Buck Henry, screenwriter of The Graduate, Get Smart co-creator, and SNL legend, is dead at 89
Over a long and storied career in TV and film, Buck Henry co-created the TV show Get Smart with Mel Brooks, wrote the screenplay for The Graduate (1967), played Tina Fey's father on 30 Rock, and hosted Saturday Night Live 10 times in its first five seasons, playing several memorable roles. Henry died Wednesday at age 89. His wife, Irene Ramp, said the cause was a heart attack.
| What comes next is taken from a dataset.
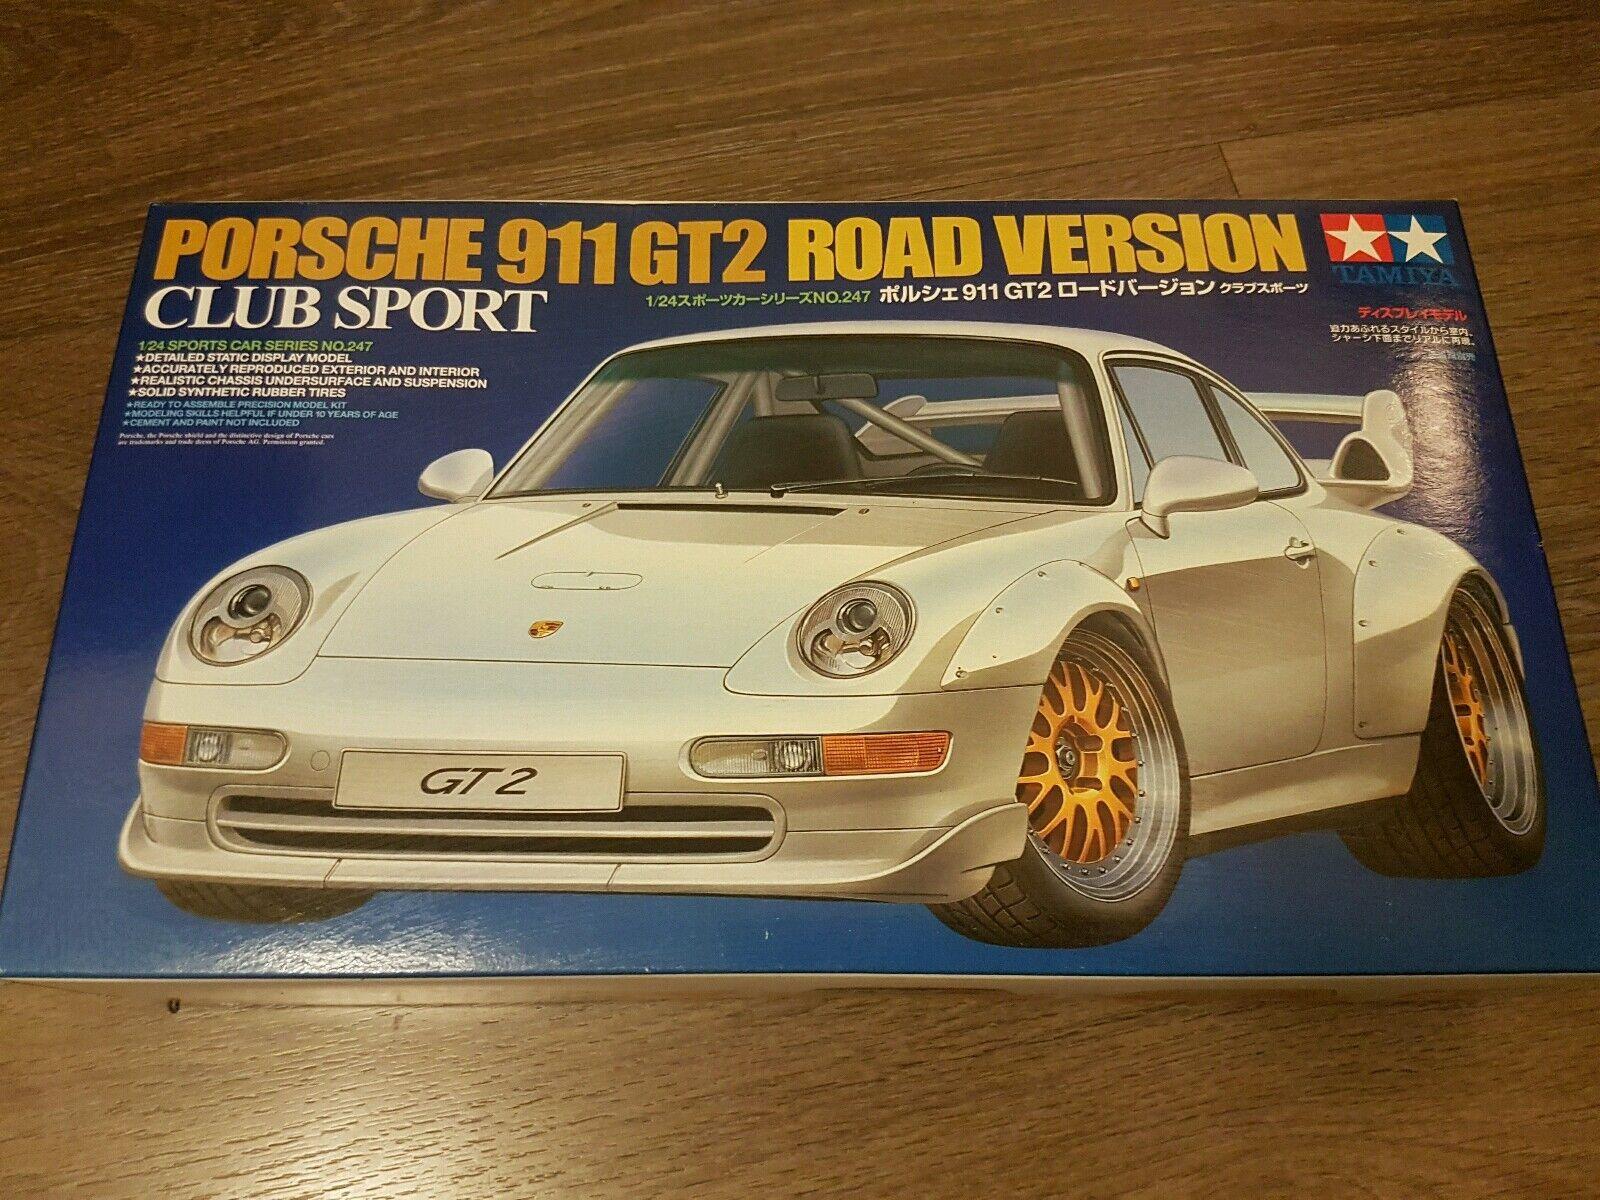 Tamiya 1 24 Tamiya 911 GT2 Road Version Club Sport Great Condition Rare
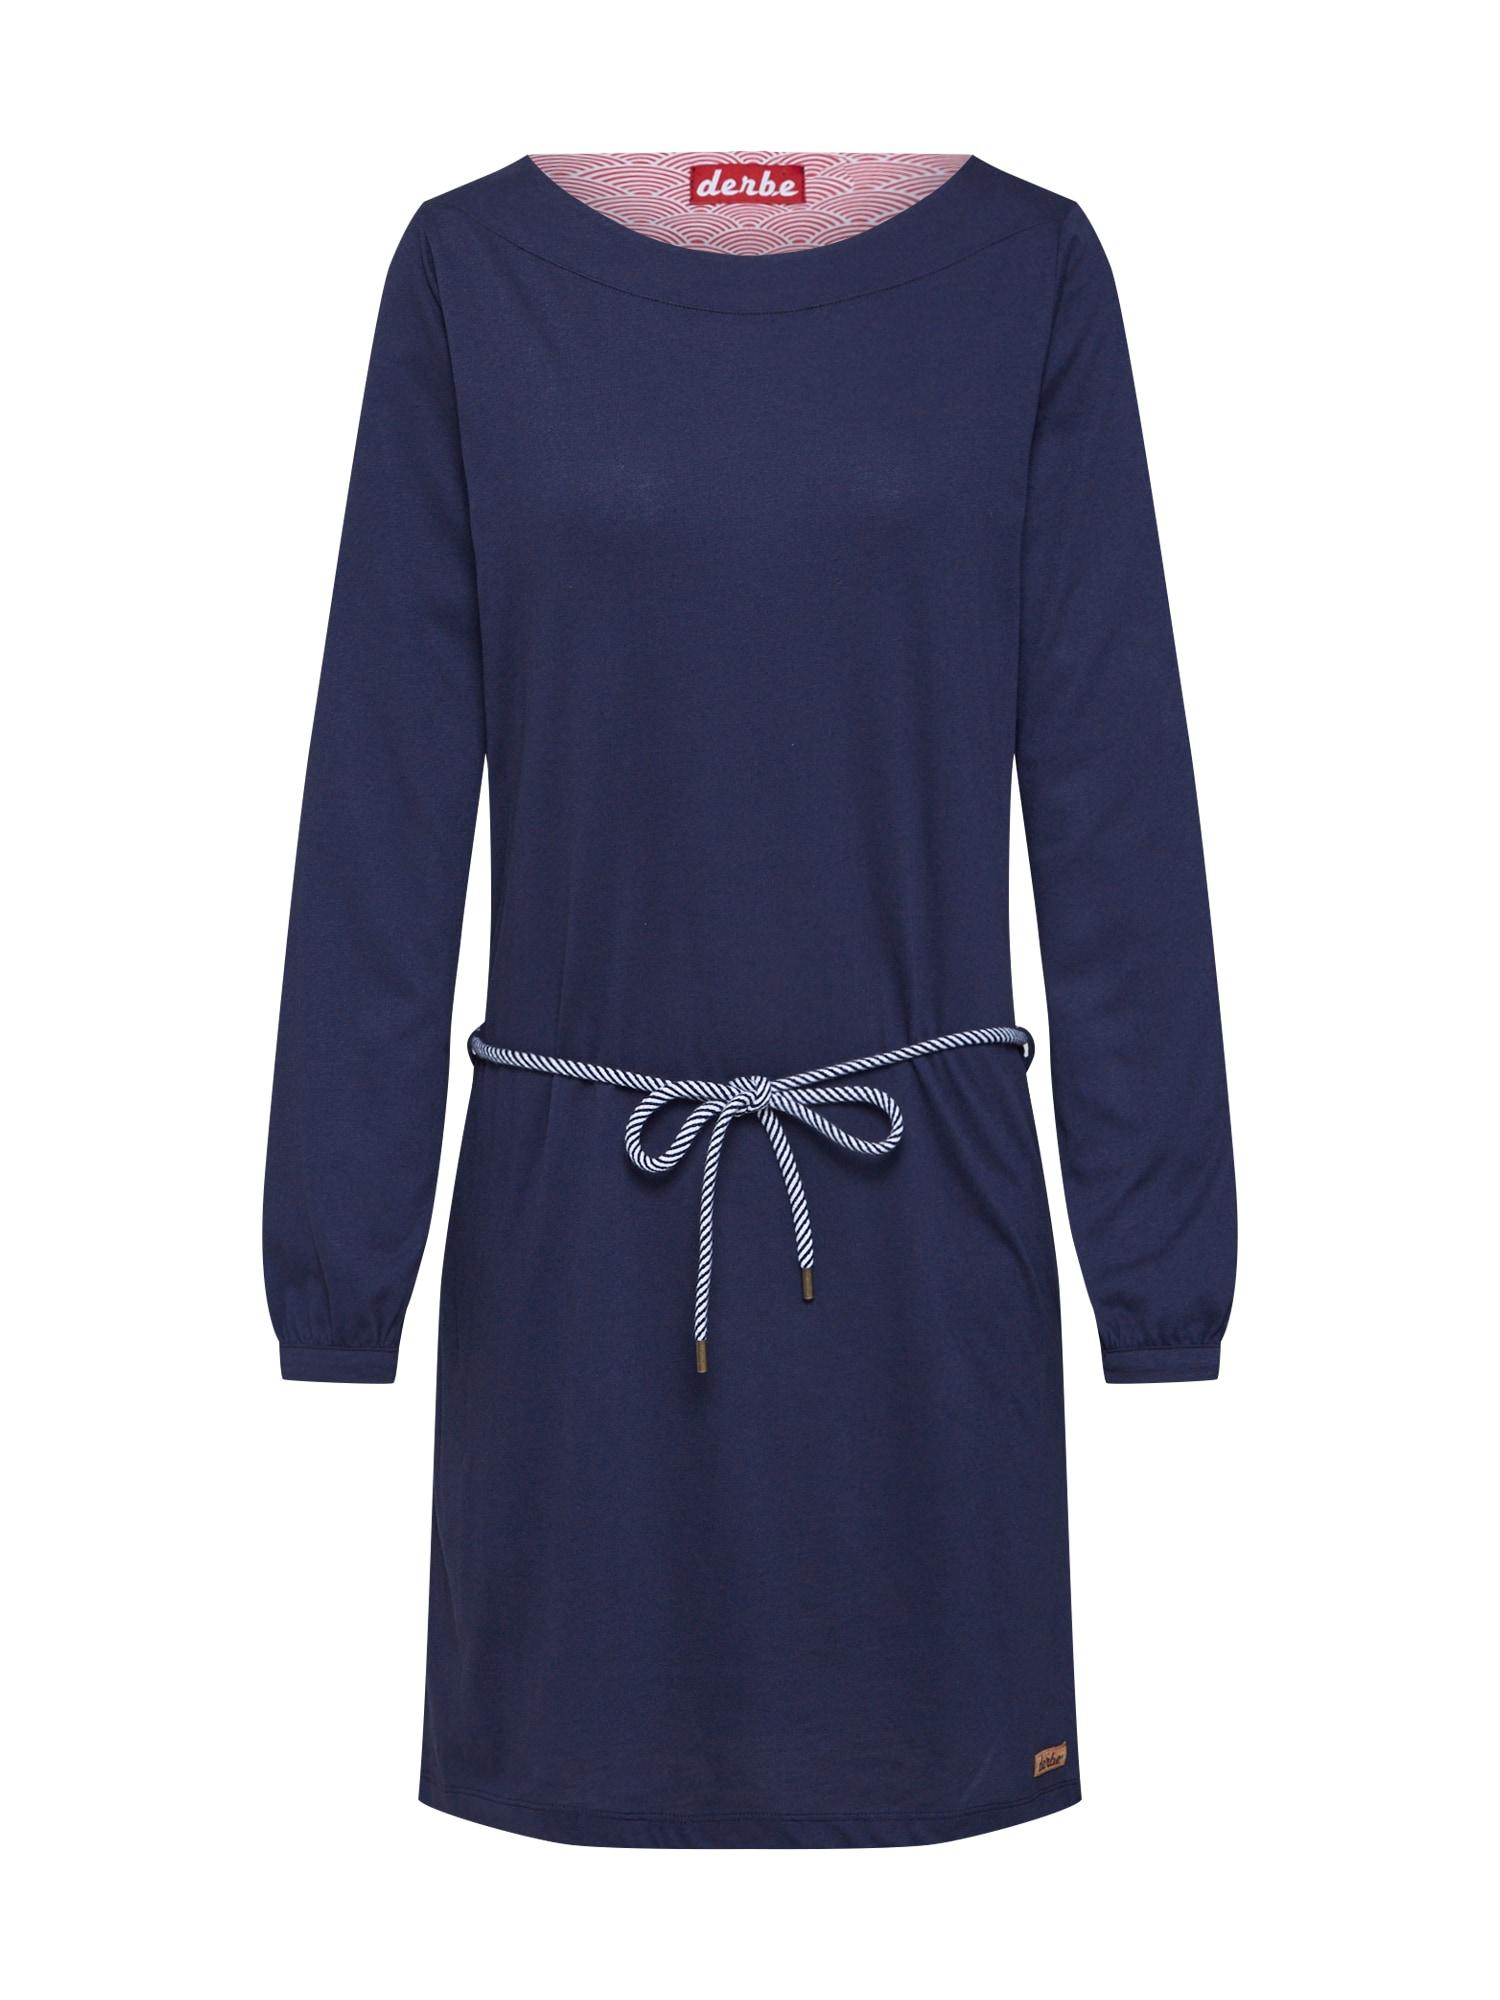 Derbe Suknelė 'Marilyn DRESS' tamsiai mėlyna

Henry, born Henry Zuckerman in 1930, was the son of a prominent stockbroker and silent film star Ruth Taylor. The Graduate, directed by his childhood friend Mike Nichols, was Henry's first screenwriting job. It got him the first of two Oscar nominations, followed by a directing nod for the 1978 Warren Beatty movie Heaven Can Wait. Henry also wrote scripts for 1968's Candy, Nichols' 1970 adaptation of Catch-22, the hit Barbra Streisand comedy What's Up, Doc? (1972), and 1995's To Die For, starring Nicole Kidman. He won a writing Emmy in 1967 for a double episode of Get Smart.
Nichols wrote himself small roles in many of his movies and often played wry straight men on TV, as in his recurring SNL role alongside John Belushi's Samurai character.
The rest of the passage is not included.